More info in dbt's profiles docs: https://docs.getdbt.com/reference/warehouse-profiles/snowflake-profile#user--password-authentication

This will always use this project connection in your GitHub actions. If you want your preview projects to have different connection settings depending on the user that opened the pull request (dev profiles), then see what you need to add to your secret in this guide.

DataBricks
Set up a DataBricks target:
your_profile_name:
target: dev
outputs:
dev:
type: databricks
catalog:
[
optional catalog name,
if you are using Unity Catalog,
only available in dbt-databricks>=1.1.1,
]
schema: [schema name]
host: [yourorg.databrickshost.com]
http_path: [/sql/your/http/path]
token: [dapiXXXXXXXXXXXXXXXXXXXXXXX] # Personal Access Token (PAT)
threads: [1 or more]

More info in dbt's profiles docs: https://docs.getdbt.com/reference/warehouse-profiles/bigquery-profile#service-account-json

This will always use this project connection in your GitHub actions. If you want your preview projects to have different connection settings depending on the user that opened the pull request (dev profiles), then see what you need to add to your secret in this guide.

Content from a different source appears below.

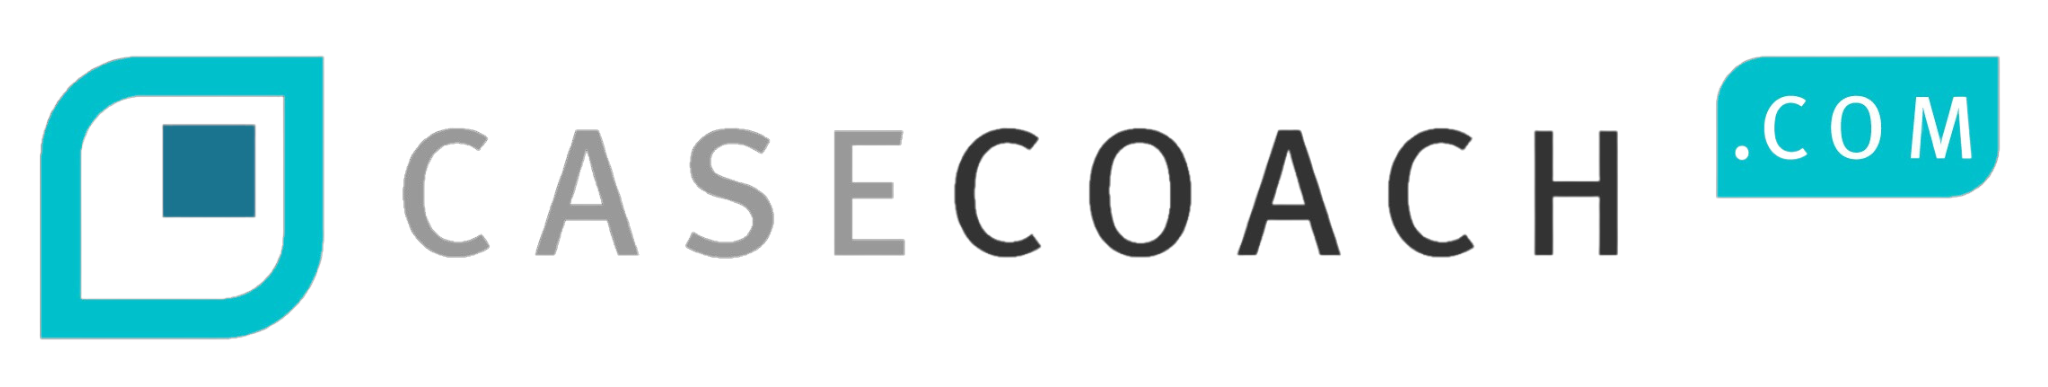 CaseCoach logo

Step 2: Create deploy.yml workflow in Github

Go to your repo, click on Actions menu.

If you don't have any GitHub actions, you'll just need to click on Configure

Github actions page

If you have some GitHub actions in your repo already, click on New workflow, then select setup a workflow yourself.

Now copy this file from our cli-actions repo.

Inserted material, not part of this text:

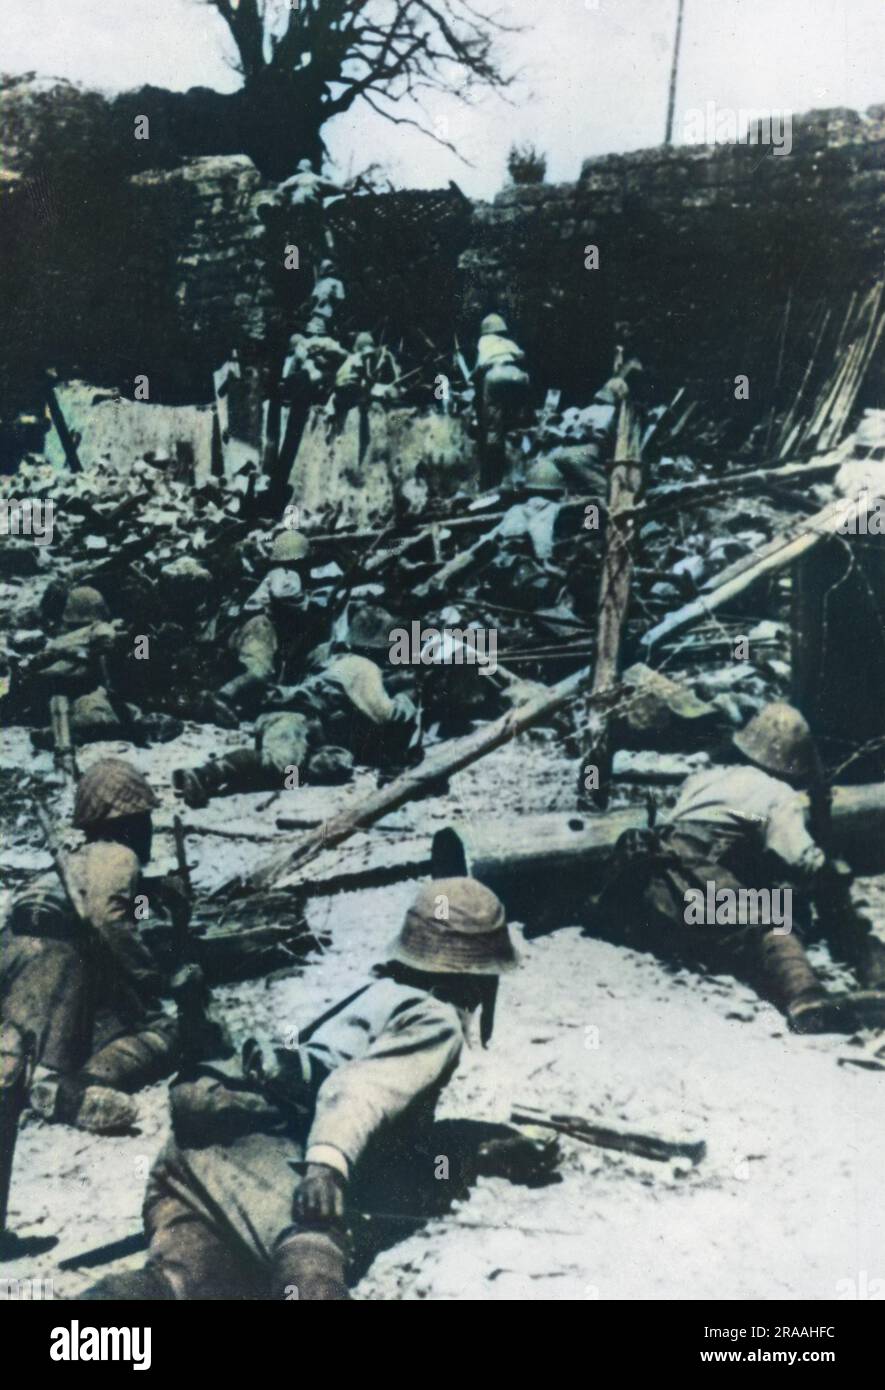 Während des Zweiten Chino-Japanischen Krieges starten japanische Truppen einen Angriff auf Chungking (Chongqing). Seit Ende 1938 wurde Chungking die Basis und provisorische Hauptstadt von Chiang Kai-Sheks KMT. Trotz zahlreicher Bombardierungen und Versuchen, die Stadt zu erobern, blieb sie bis zum Ende des Krieges standhaft. Datum: 1937-1945 Stockfoto

Give it a nice name like deploy-lightdash.yml

And commit this to your repo by clicking on Start commit.

You're done!

Everytime you make a change to your repo, on the main branch, it will automatically deploy your new config into your Lightdash projects

You can see the log on the Github actions page

2. In the UI: Syncing your dbt changes using refresh dbt

Whenever you make changes to your YAML files, you can sync Lightdash and see these changes by clicking the refresh dbt button in the Explore view of the app.

screenshot-refresh-dbt

If you're using a git connection (like GitHub, Gitlab or Bitbucket), you'll need to push + merge your changes to the branch that your Lightdash project is connected to before you run refresh dbt.

3. From the command line: Syncing your dbt changes using lightdash deploy

If you're using the Lightdash CLI, you can use the lightdash deploy command to deploy your changes to your Lightdash project.

To read more about how to use lightdash deploy, check out our docs.

Note: If you've made any changes to the underlying data, you need to run dbt first

If you've made any changes to the underlying data (for example, adding a new column in your model.sql file or changing the SQL logic of an existing dimension), then you need to run: dbt run -m yourmodel before you click refresh dbt in Lightdash.